Year Face Value Dividen Rate (%) Dividend Amount Dividend Reinvested @10%
2000-01 10 110 11 31.38
2001-02 10 140 14 36.31
2002-03 10 300 30 70.74
2003-04 10 240 24 51.45
2004-05 10 400 40 77.95
2005-06 10 450 45 70.86
2006-07 10 310 31 49.93
2007-08 10 320 32 46.85
2008-09 10 320 32 41.26
2009-10 10 330 33 39.93
2010-11 5 175 8.75 9.63
        Total=526.29

 

 

 

 

 

 

 

 

 

 

ONGC, as a stock, has given dividend which has present value of Rs. 526 during last 12 years considering that dividend was reinvested by the investors and it fetched 10% return per year. This is not a recommendation for ONGC stock but an indication of the fact that how dividned can result into creation of wealth. Such stocks can be useful for investors as they provide regular cash flow and help maximize wealth for investors. Since high amount is paid as dividend, the impact of lock-in also gets diluted as investors continue to regular cash flows.
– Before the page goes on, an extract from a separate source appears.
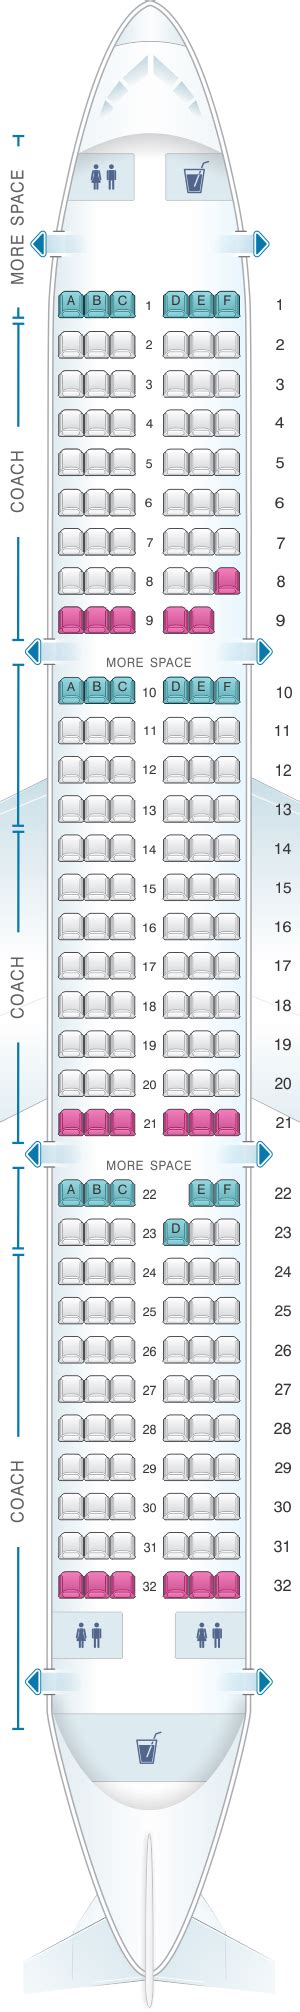 JetBlues A220 aircraft features a 3-2 configuration with five rows of Even More Space seats and 23 regular economy rows. . Airbus a321 seat map jetblue

3) Select stocks from stable and growing sectors:  There are some sectors which have shown consistent growth over a period of time like FMCG (Fast moving consumer goods), Pharma and Automobile. It is better to select stocks from these sectors, if an investor wants regular but stable returns. Even during recessionary period these stocks have shown stable growth in India.

Rajiv Gandhi Equity savings scheme is not just a tax saving scheme, it offers an opportunity to retail investors to be part of equity culture. No wonder government wants investors to invest on their own. Retail investors should take this opportunity to rise to the occasion and enhance their knowledge of equity products and benefit from long term investments in equity.